*** Begin section ***

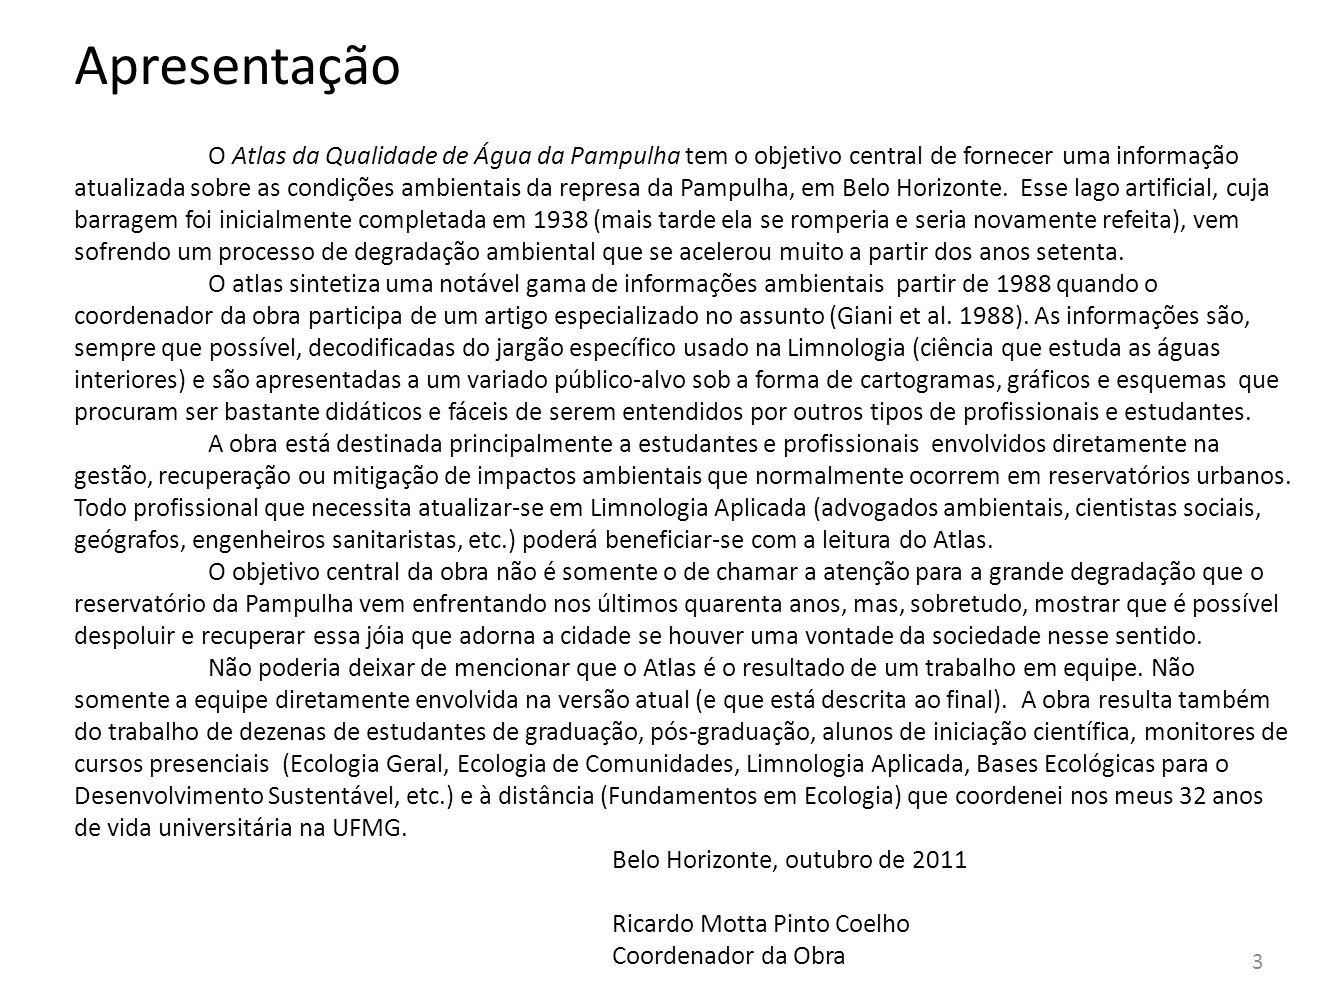 4 História da Pampulha A represa da Pampulha foi construída na administração do prefeito Octacílio Negrão de Lima sendo inaugurada em 1938.
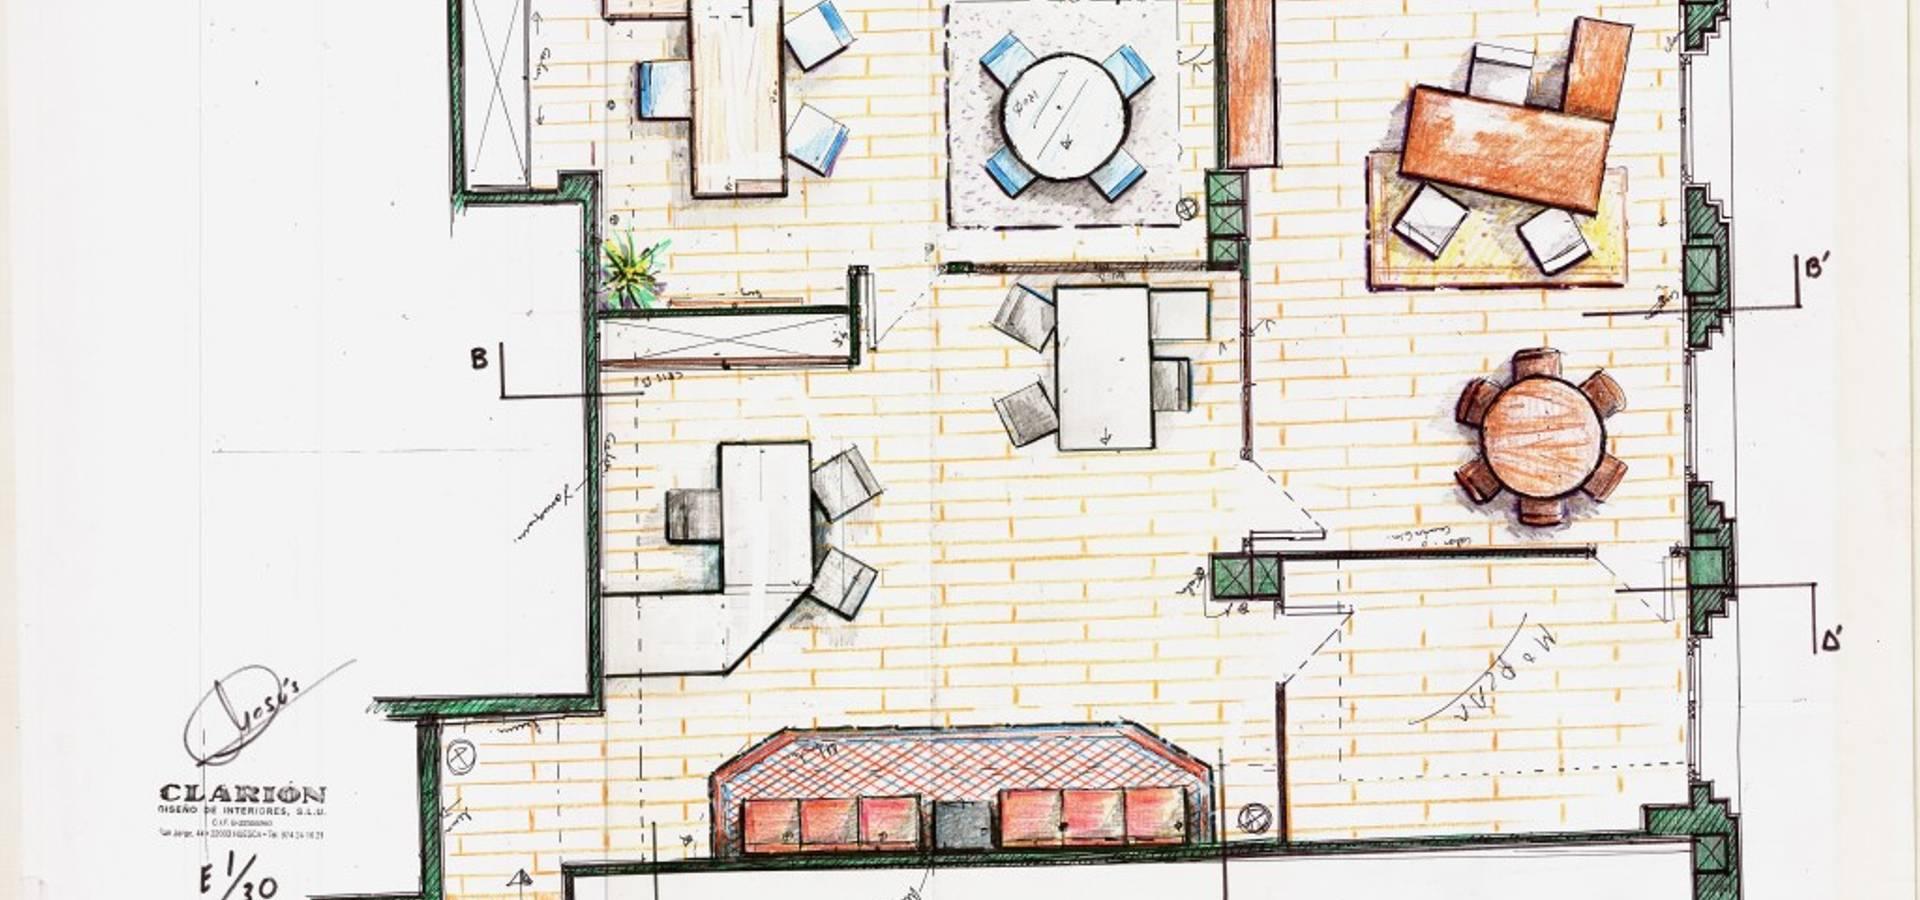 Clarion – acotrazio d'interiors S.L.U
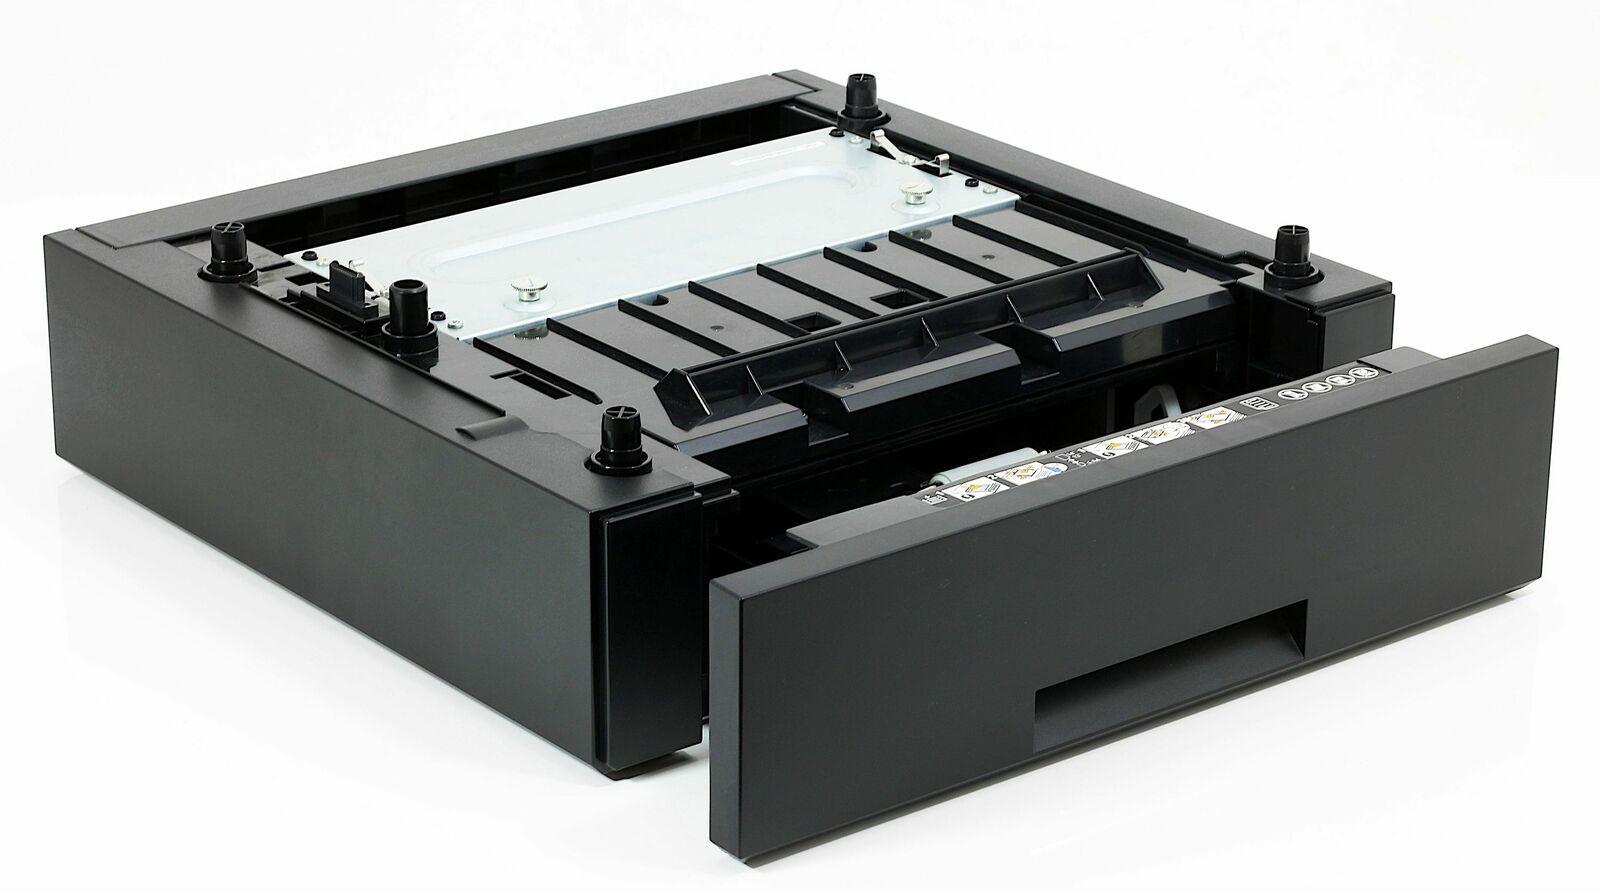 Dell compartiment pour papier 724-10089 imprimante laser 2130cn 2130dn utilisé
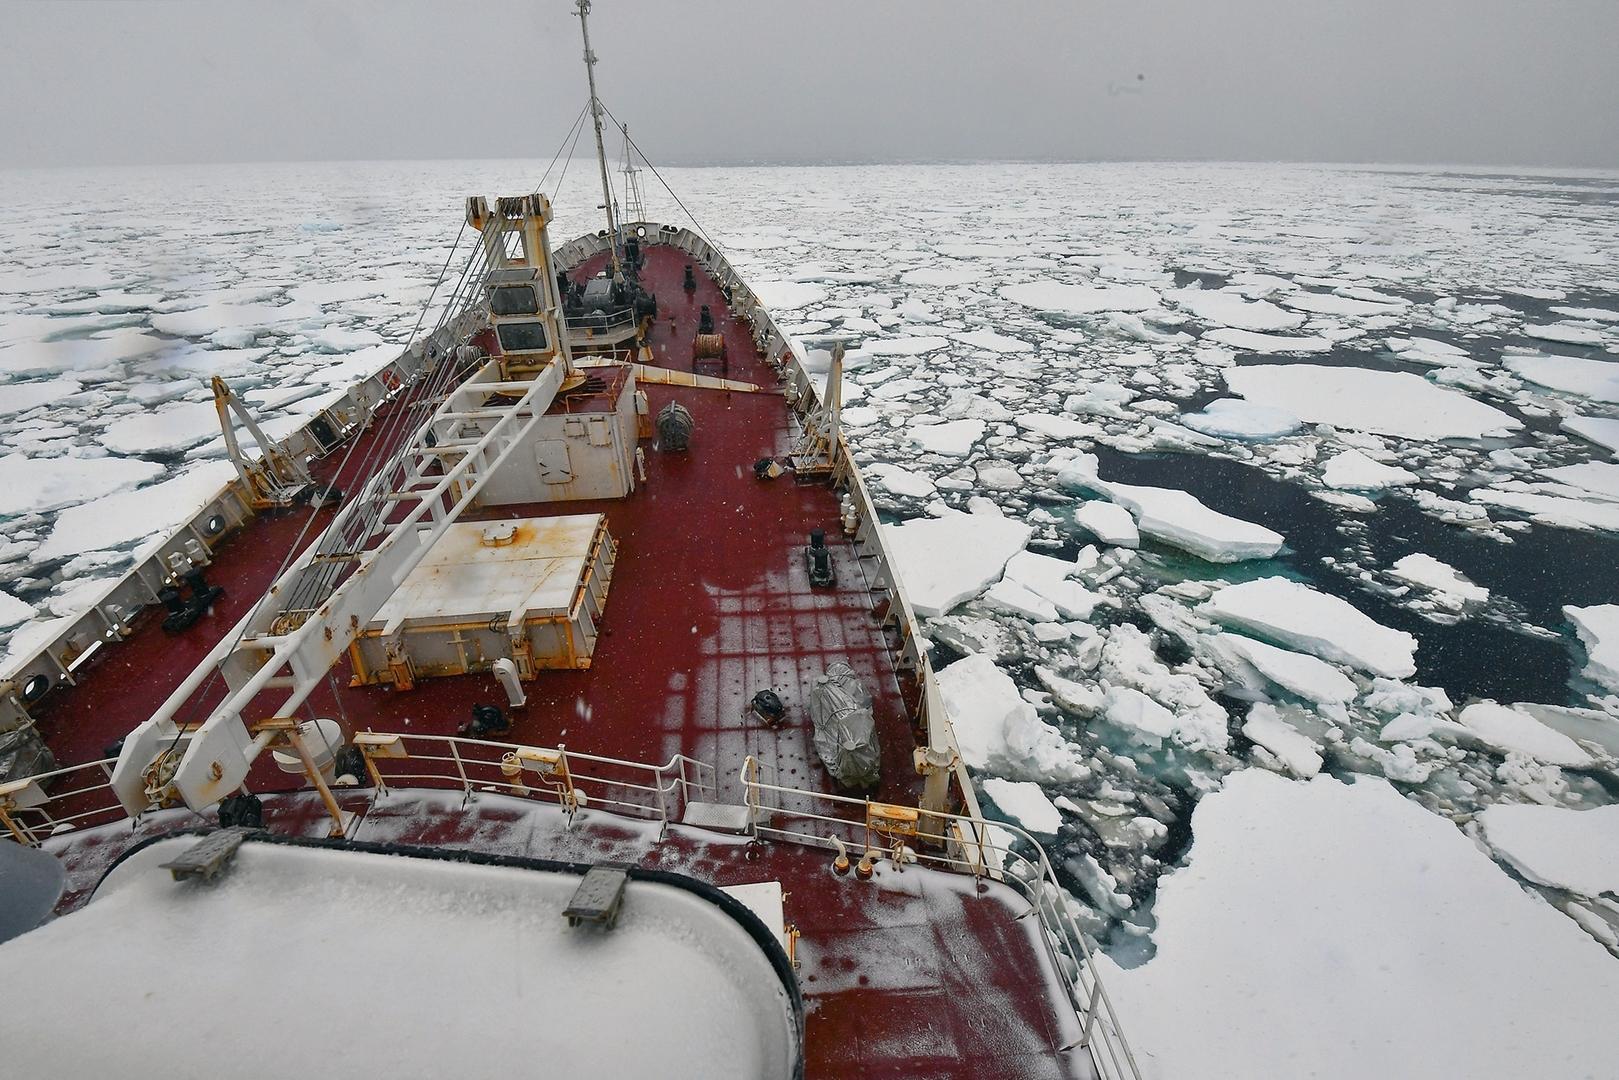 روسيا تعلن عن استراتيجية جديدة في أنتاركتيكا
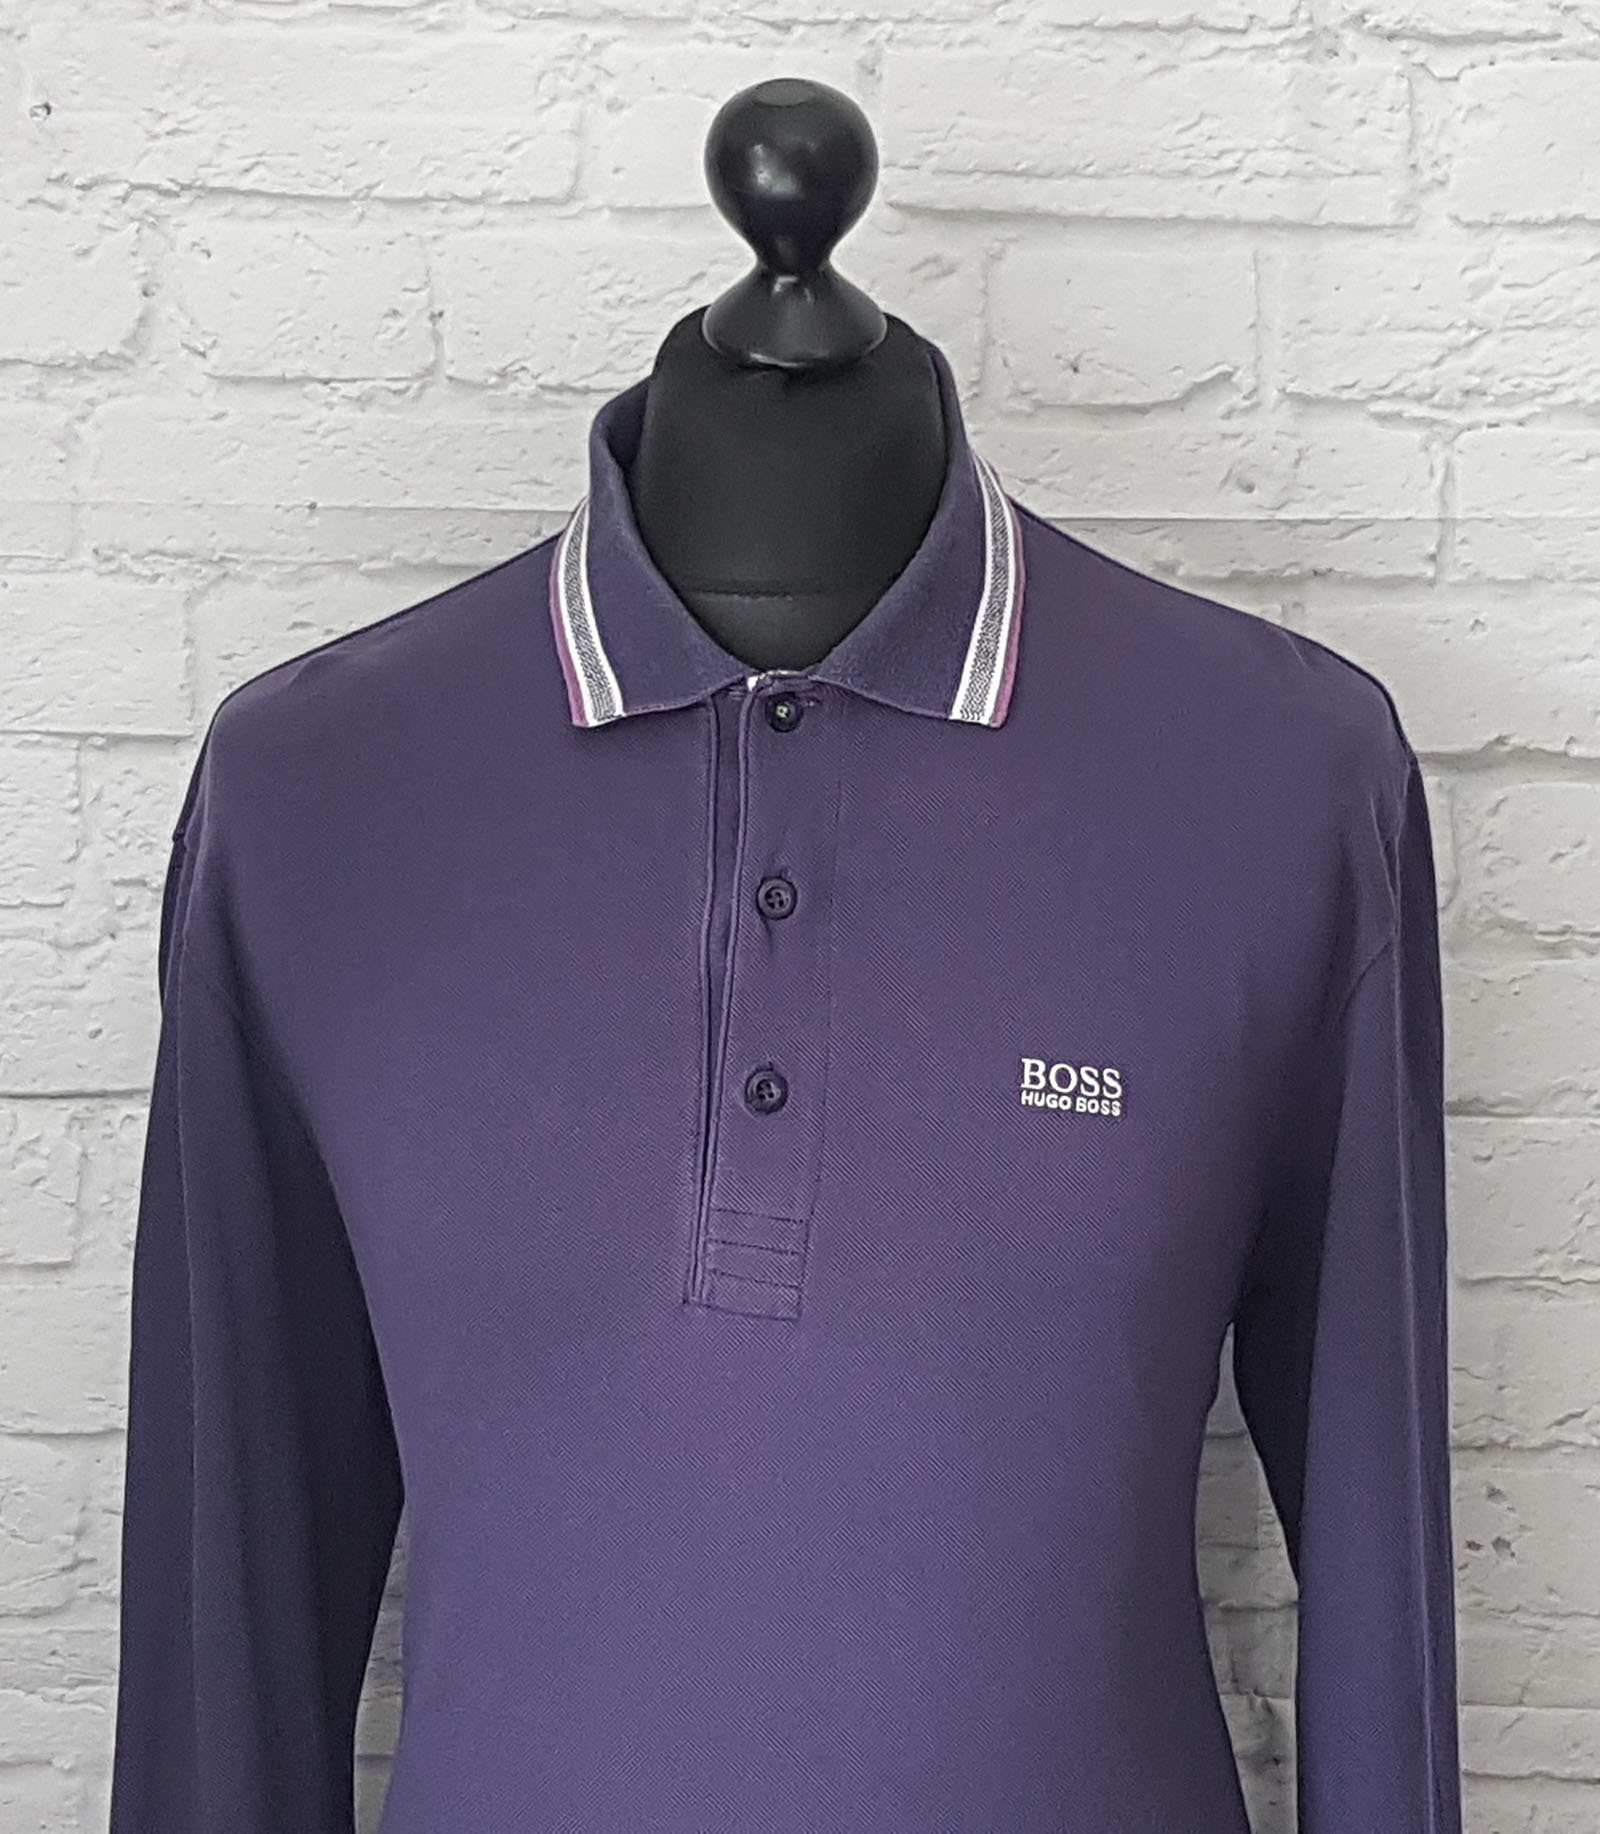 Hugo boss men 39 s green label regular fit long sleeved for Long sleeve purple polo shirt

*** End section ***

__EXERCISE OBJECTIVE__.
Your task is to retype all the entries exactly and leave out any pictures.

__EXERCISE OUTPUT__.
 4 História da Pampulha A represa da Pampulha foi construída na administração do prefeito Octacílio Negrão de Lima sendo inaugurada em 1938.
 Clarion – acotrazio d'interiors S.L.U
 Dell compartiment pour papier 724-10089 imprimante laser 2130cn 2130dn utilisé
 روسيا تعلن عن استراتيجية جديدة في أنتاركتيكا
 Hugo boss men 39 s green label regular fit long sleeved for Long sleeve purple polo shirt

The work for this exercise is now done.